▶ Task to carry out
Although the listing below holds pictures, reproduce only its lines from the one containing "Trois jeunes à" through the last, exactly and without them.

▶ Dataset section
----

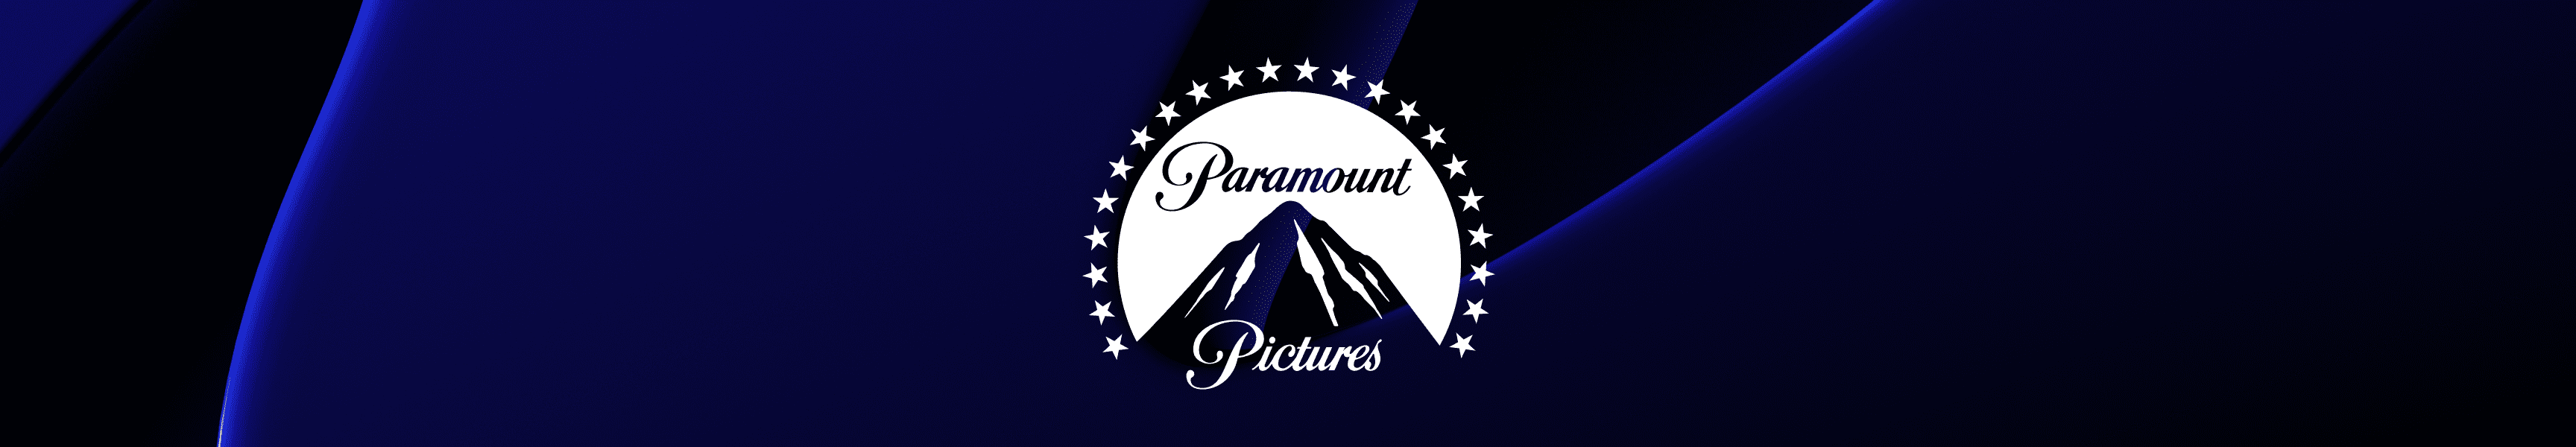 Paramount Pictures Leggings
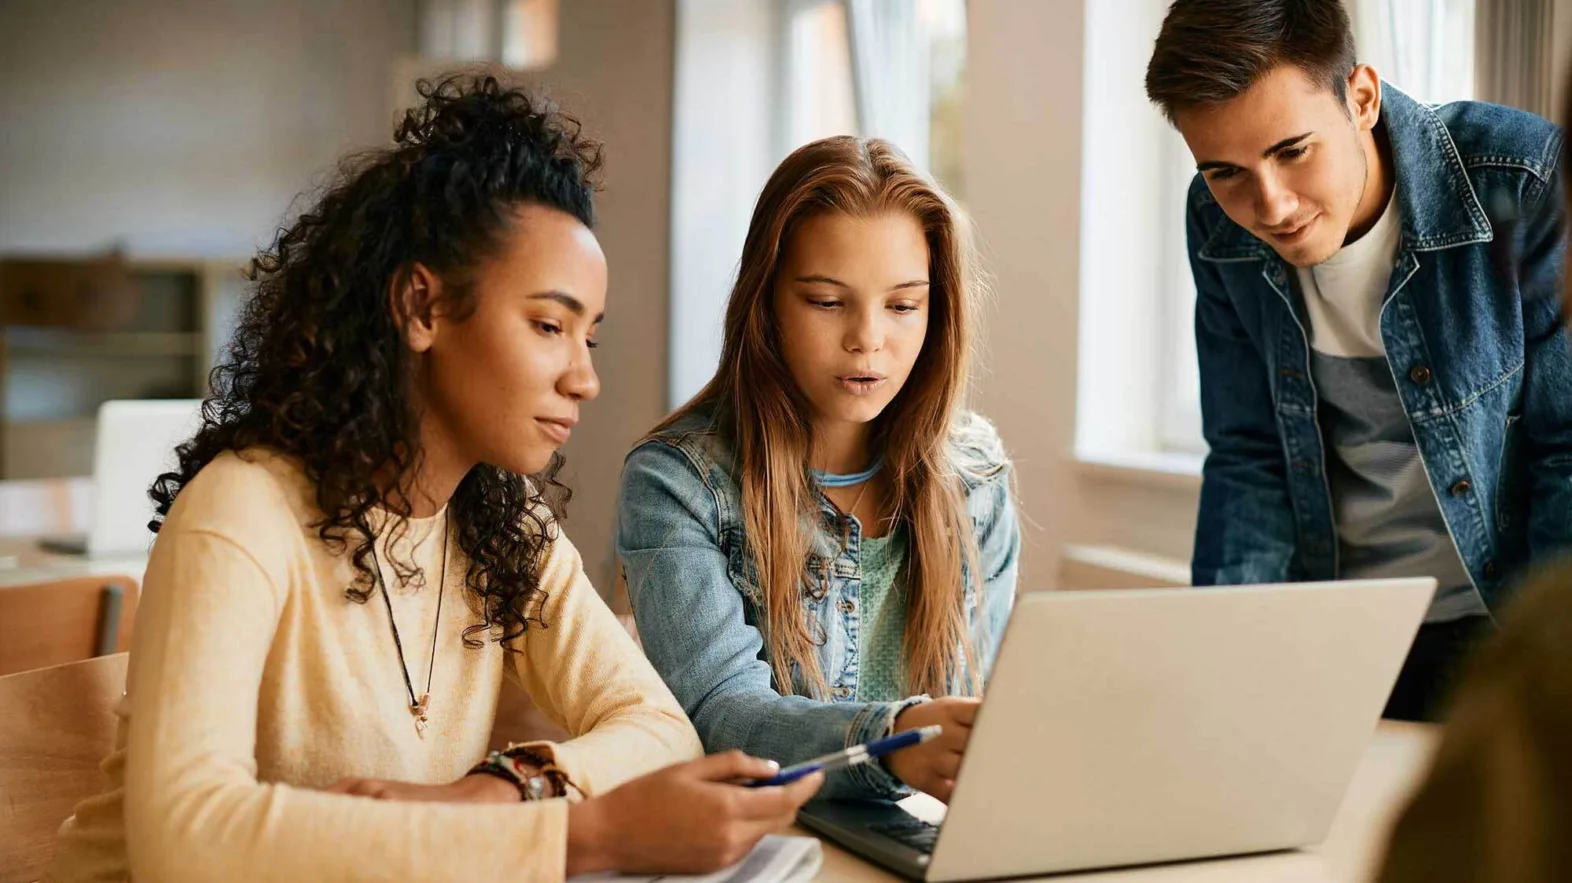 Trois jeunes à l'école regardent l'écran d'un ordinateur portable et discutent.
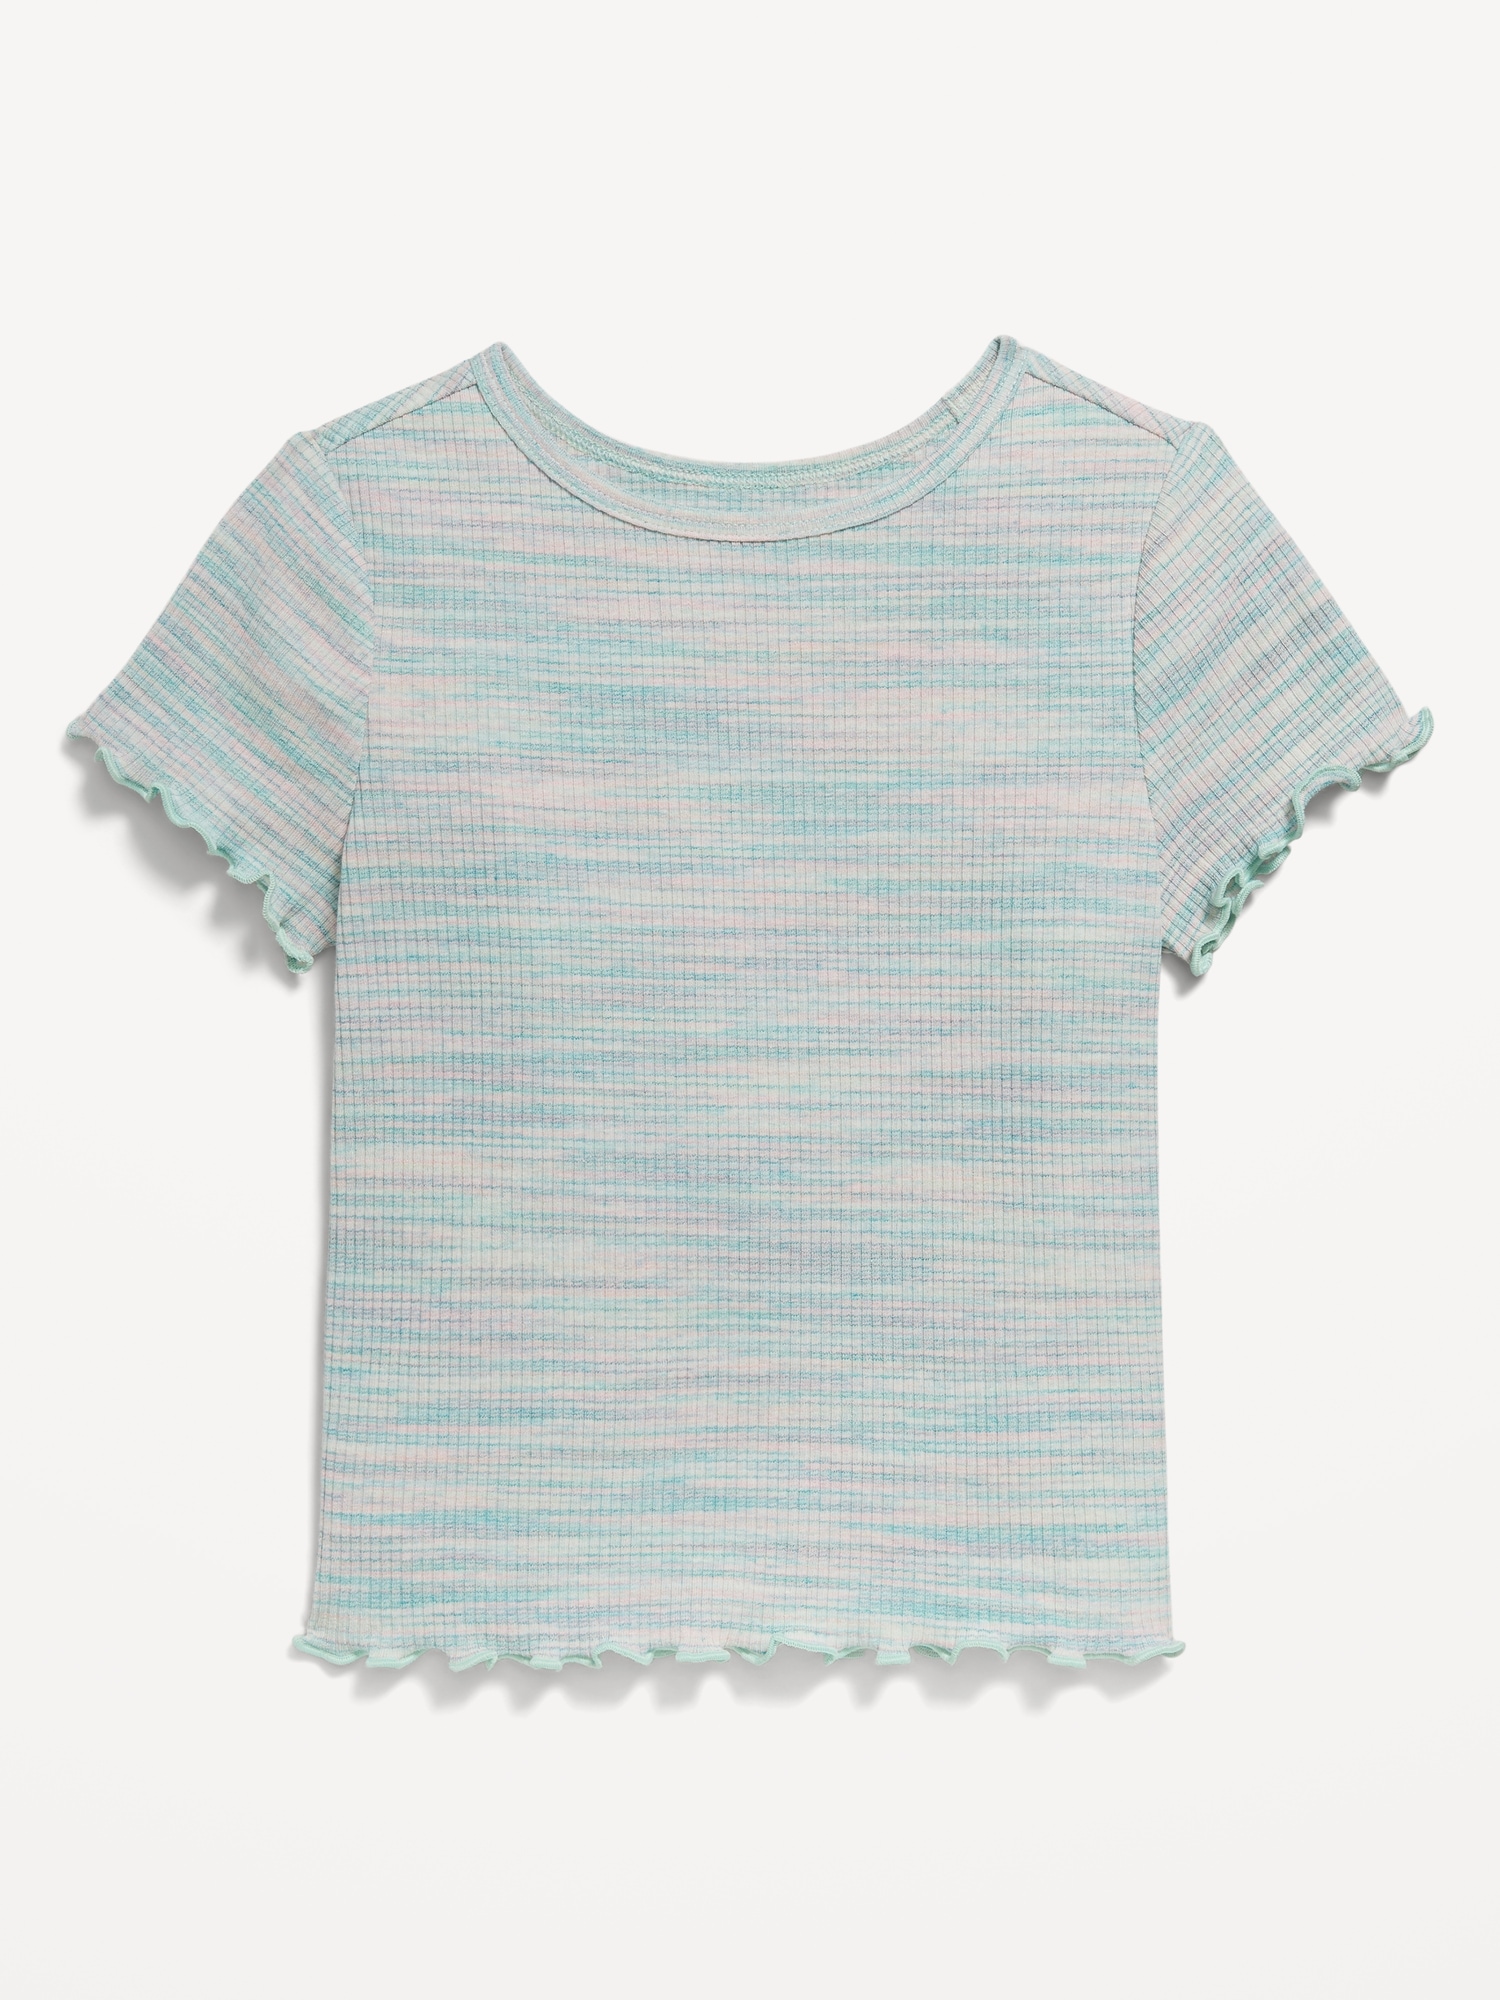 Short-Sleeve Lettuce-Edge T-Shirt for Toddler Girls
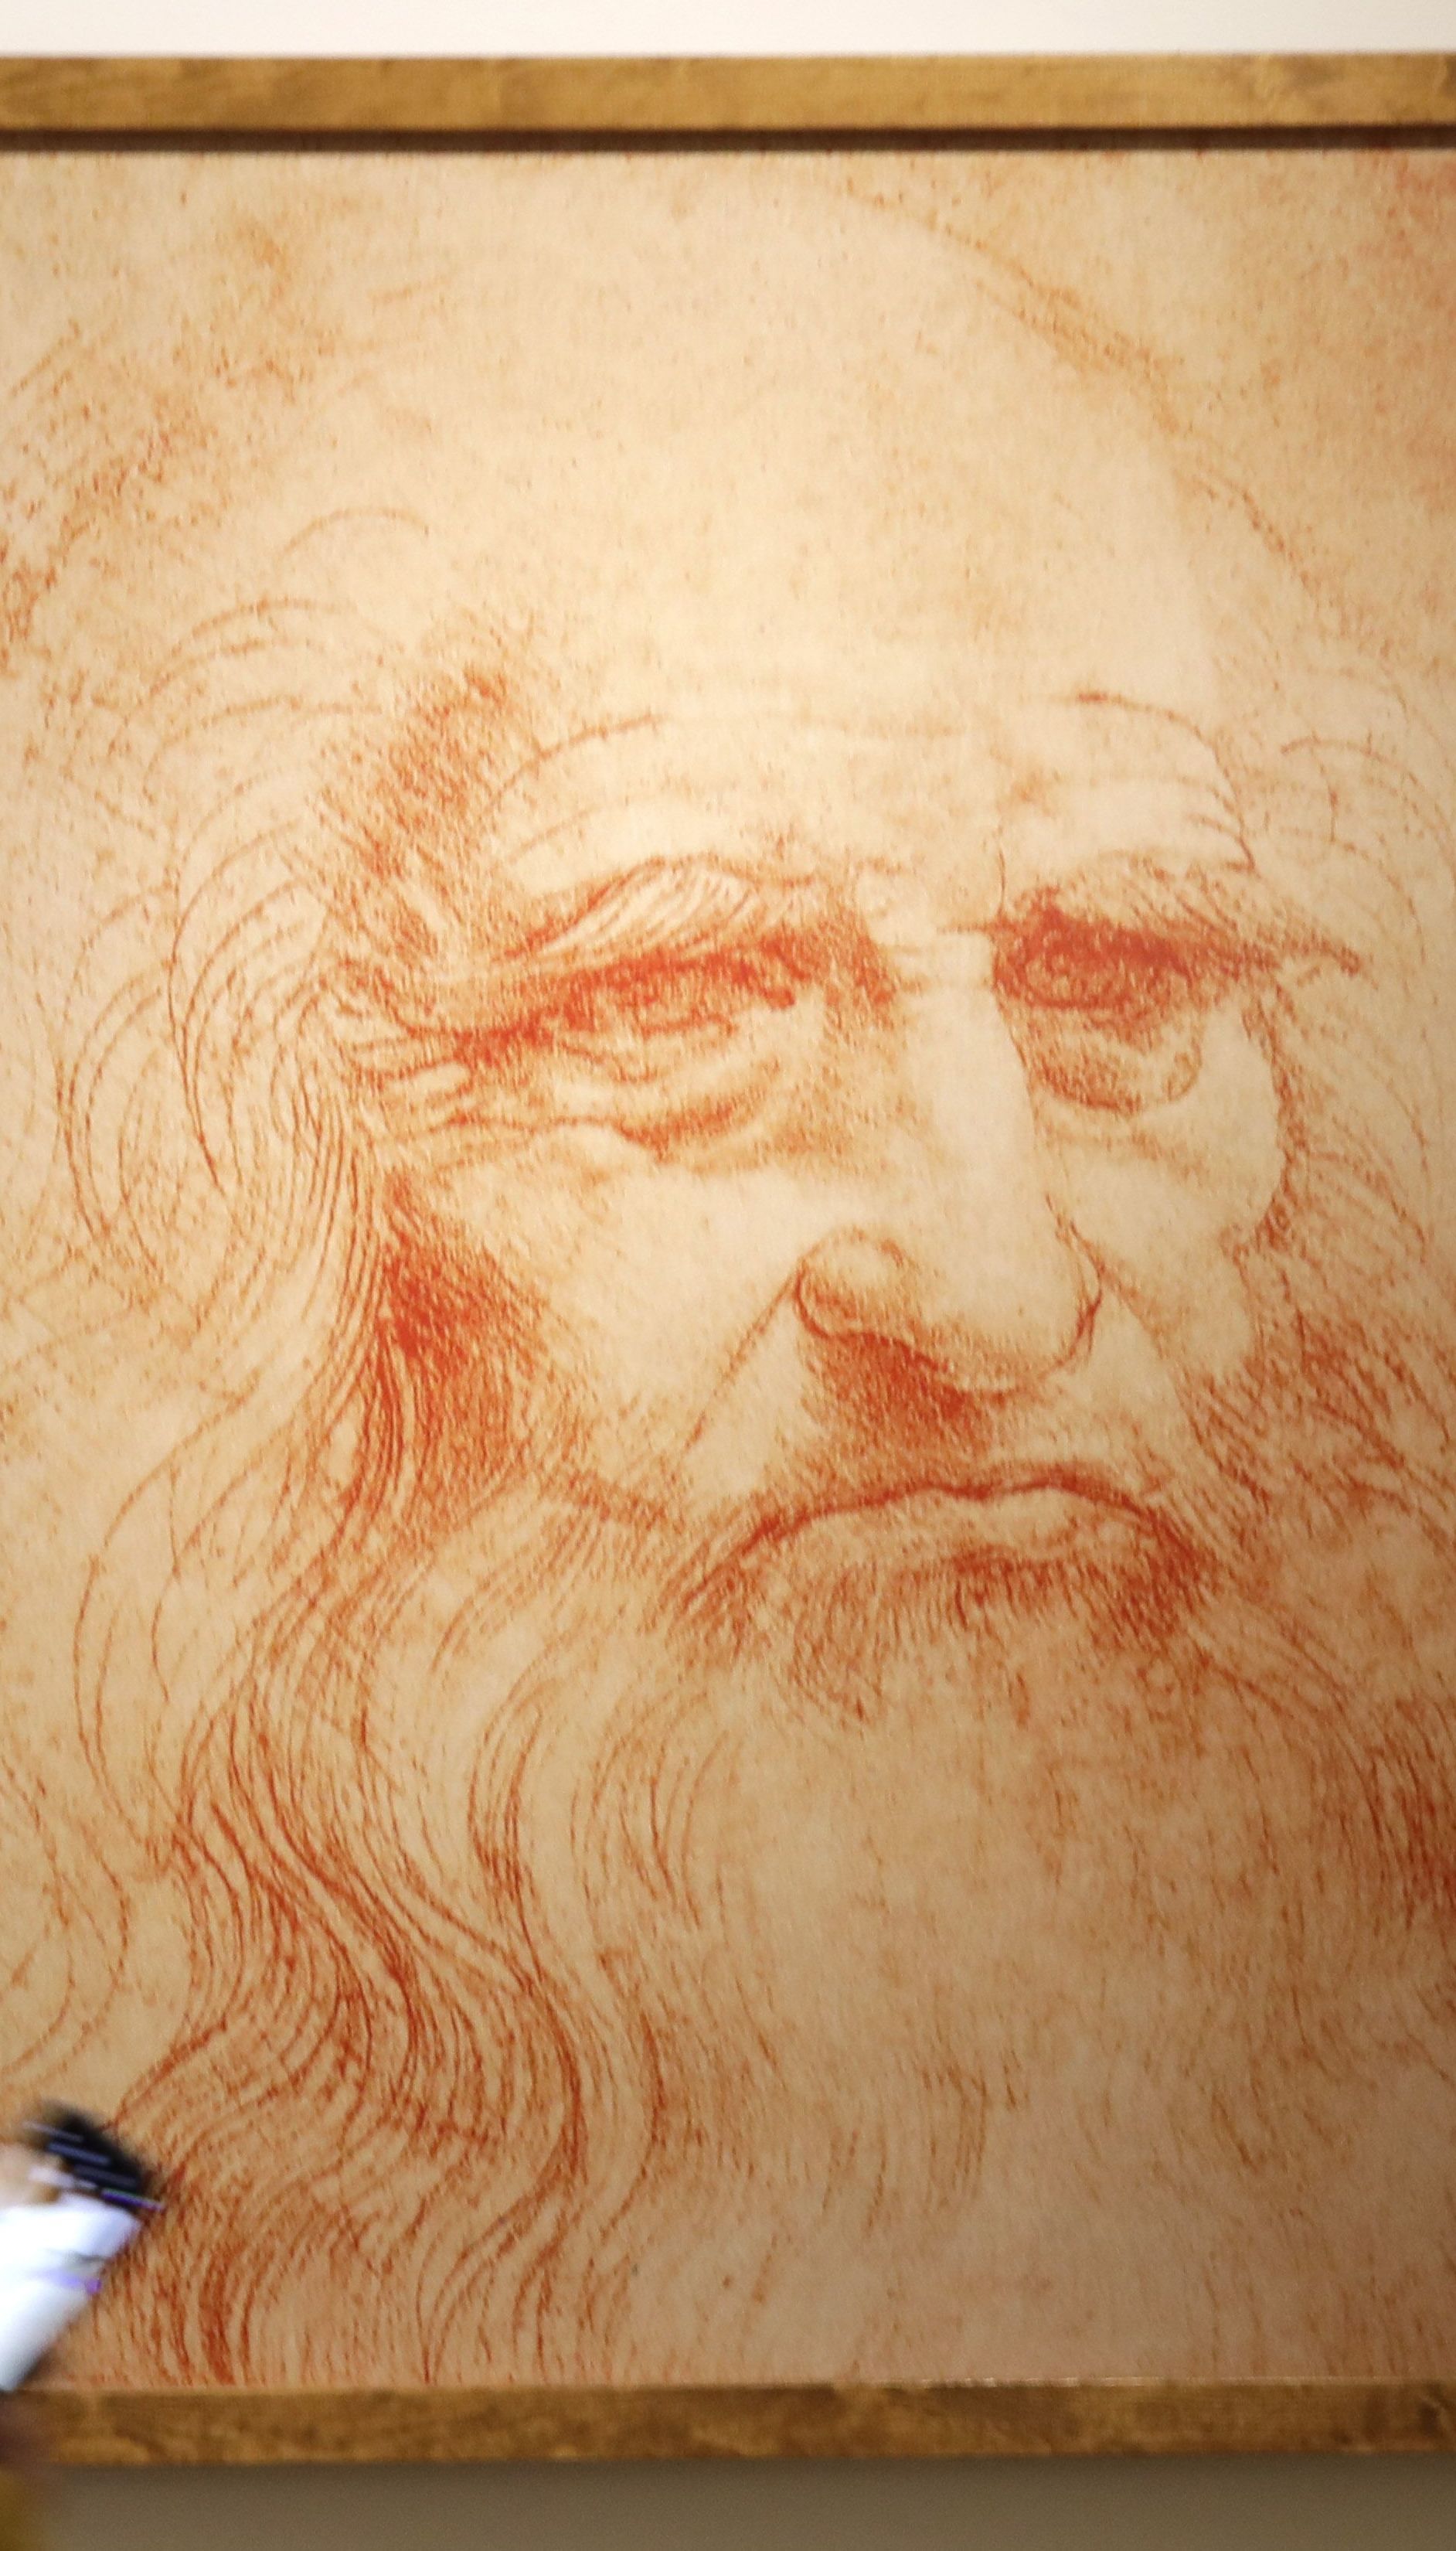 Медики поставили диагноз Леонардо да Винчи через 500 лет после его смерти

----

▶ Your solution
 Trois jeunes à l'école regardent l'écran d'un ordinateur portable et discutent.
 Short-Sleeve Lettuce-Edge T-Shirt for Toddler Girls
 Медики поставили диагноз Леонардо да Винчи через 500 лет после его смерти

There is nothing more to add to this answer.